5 Things I Learned from TimezoneDB
A hard lesson learned in software development
TimezoneDB was a neat idea I had, and I was very excited to build.
It would solve a problem I had, I could feasibly build it on Cloudflare Workers so that (at the expense of code annoyances) I could run it for a grand total of $0, and I had a particularly clean API.
1: See if your idea exists already
As it turns out, the idea of keeping everyone’s timezone in an easy-to-lookup central database isn’t a new idea, and it already exists for Discord!
This is something I should have checked before sinking 11 hours into coding and documenting.
2: The cons of developing in private
The main reason I spent so long developing before this came to my attention is simple, I write my projects in private git repos, and only open source when the projects are taking good shape, or I want to collaborate.
This has the upshot that projects that never take flight (eg OneMath) can sit in a private repo and not harm anything.

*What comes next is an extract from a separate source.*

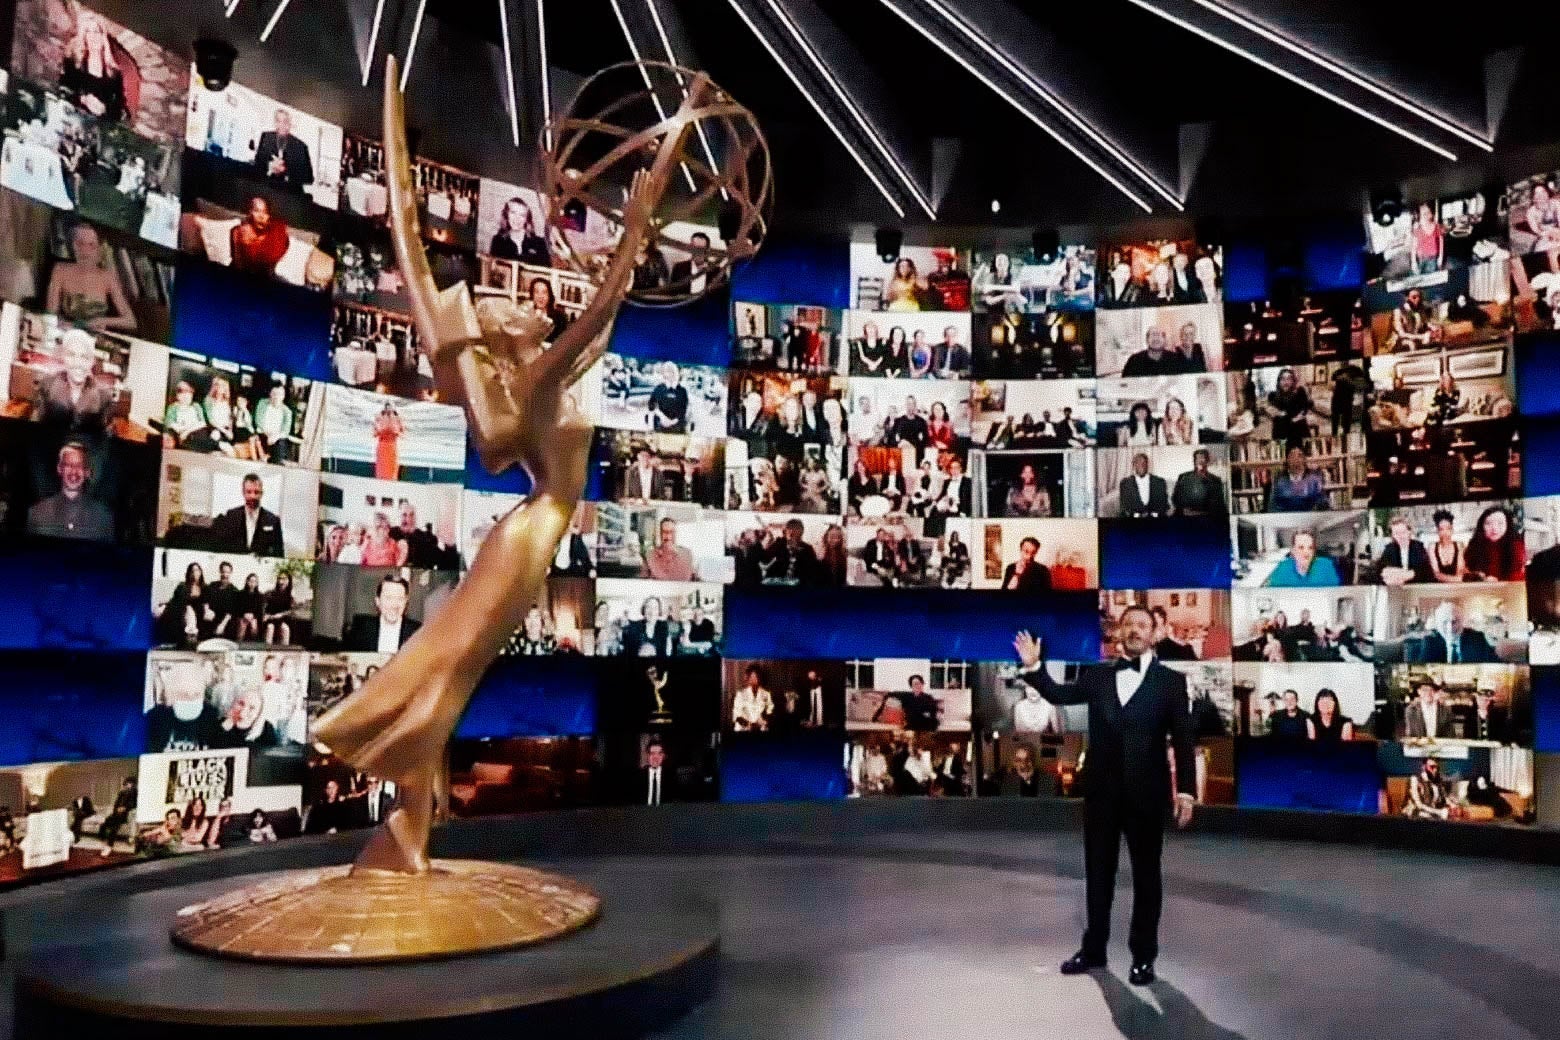 Jimmy Kimmel next to a large Emmys statuette and in front of Zoom screens.

It unfortunately has the downside that until I put out a website for my own TZDB, the relevant people who ran the existing TimezoneDB had no chance of finding my repository.

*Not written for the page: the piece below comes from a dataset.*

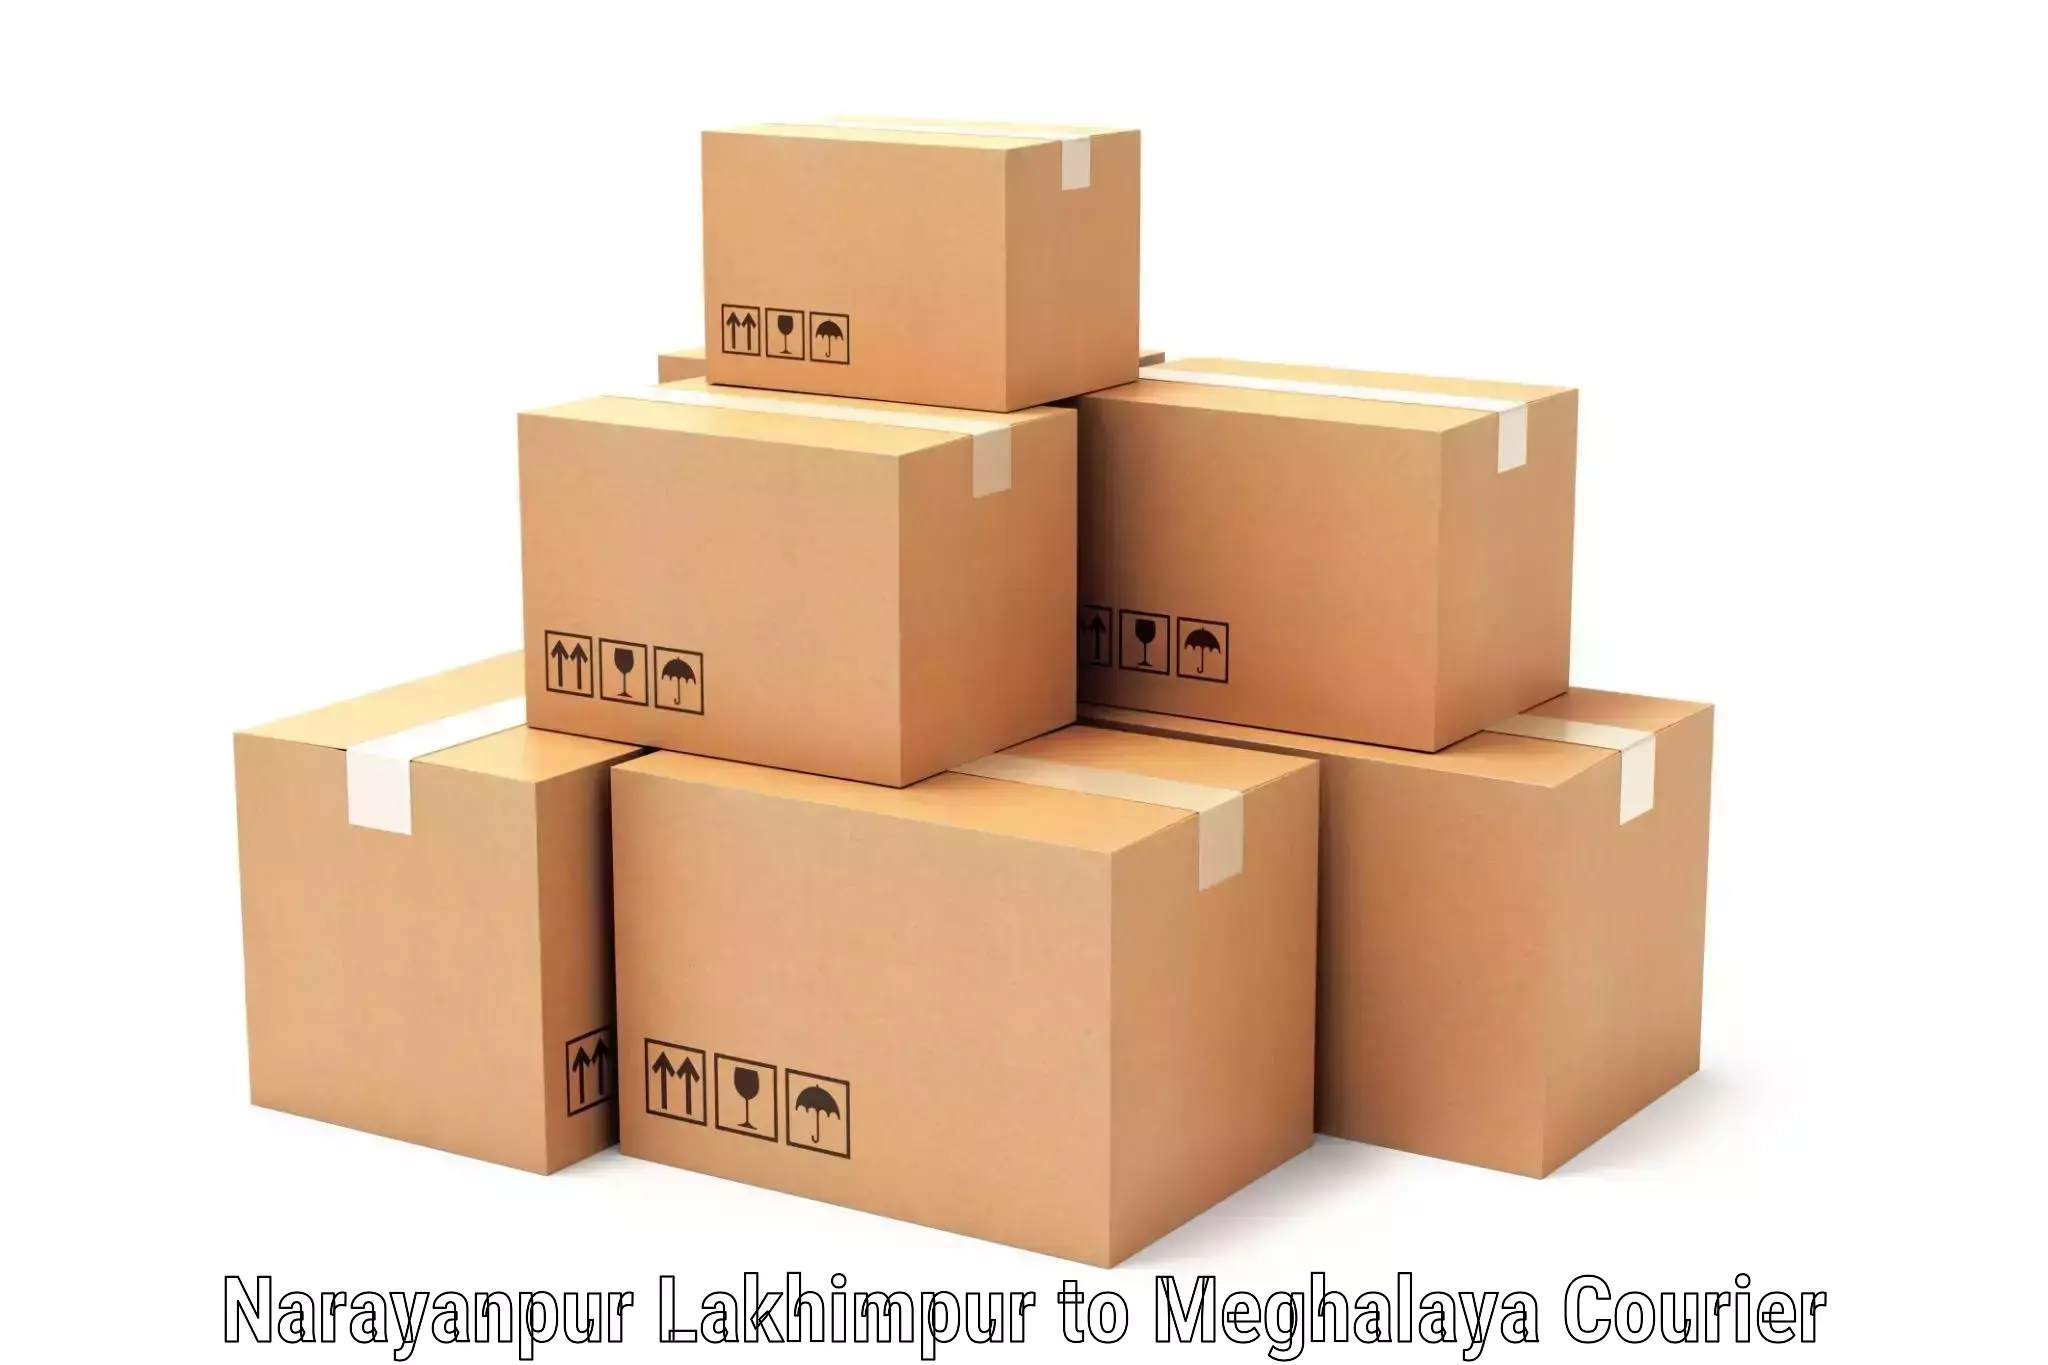 Cost-effective shipping solutions Narayanpur Lakhimpur to Shillong

3: Your acquaintances are often friendly
The existence of the original TimezoneDB (especially since it’s not particularly publicised), was bought to my attention by someone who, while I had not spoken to him in quite a while, was friendly, we are on good terms, and was very reasonable etc.
All due respect to him for telling me now, instead of, say, when mine was finished and operating!

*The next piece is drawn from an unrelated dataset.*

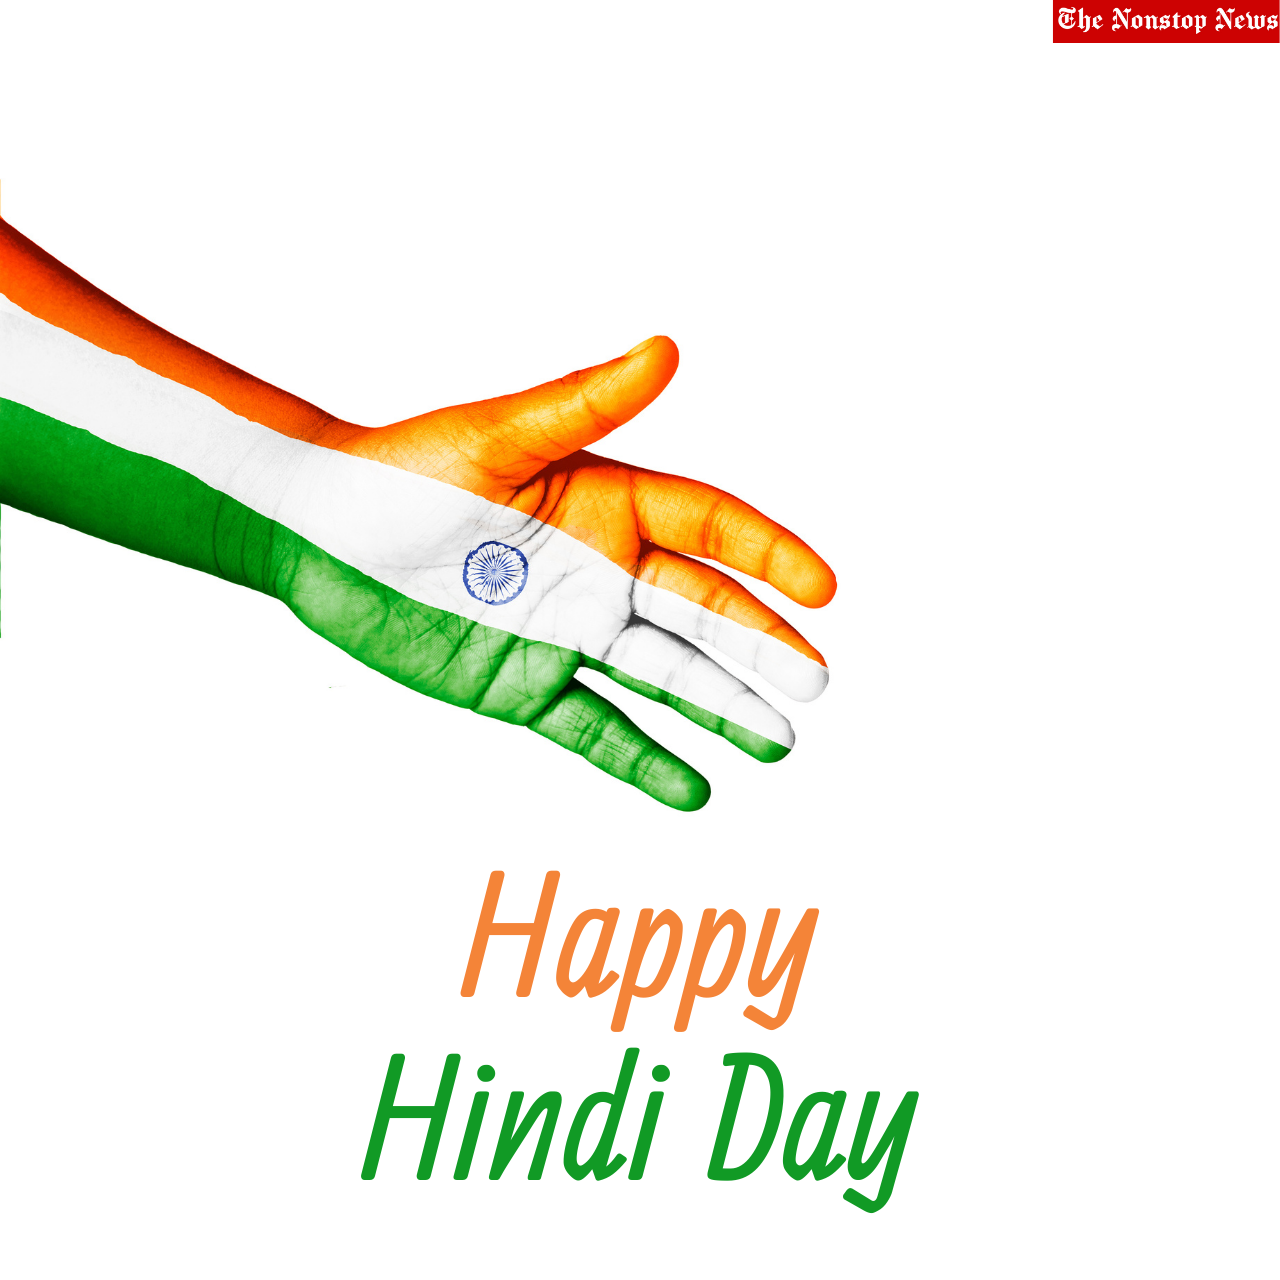 Happy Hindi Day 2022 WhatsApp Status Video Download to greet your loved ones

But yeah uh turns out I already knew a guy who wrote the same thing I was making!
4: Don’t take a failure too hard
You know what? This sucked, and I’m not going to pretend it didn’t.
But while having a project go to nothing due to it existing already feels awful, I had to keep a level head.
This is only my own fault, and hey, these guys have infrastructure that would be nicer to use (postgres), and they have an already working system, and I can write the server in a language that isn’t Javascript (bonus!).
Take the deep breath you need to be pragmatic, see if perhaps the effort of finishing your own project is not worth it in comparison to just joining up, and also, ya know, duplicate data sources are a pain in the ass.
4.5: Have a mental recovery mechanism
Despite the level headedness or whatever, I still felt pretty annoyed and kind of put out.
Having some way to lift yourself out of the initial feelings from a failure is always a good thing to have.
What works varies by person, but I’m partial to some Senko.
5: Take a failure as a chance to learn
It’s probably >5x better than spending a couple hundred quid on a course.
- I learned a lot about Cloudflare Workers
- I learned how Cloudflare Worker KV works
- I learned a bit more about OAuth2
- Sometimes flashy custom UIs aren’t necessary, good ol’ Fomantic UI can work fine.
- How to design APIs
Well, hopefully someone else, if they find themselves in a similar place, might find this useful. Or maybe not ;)
UPDATE: After being reminded to by link, I published the source code to my version of TZDB as a learning resource here.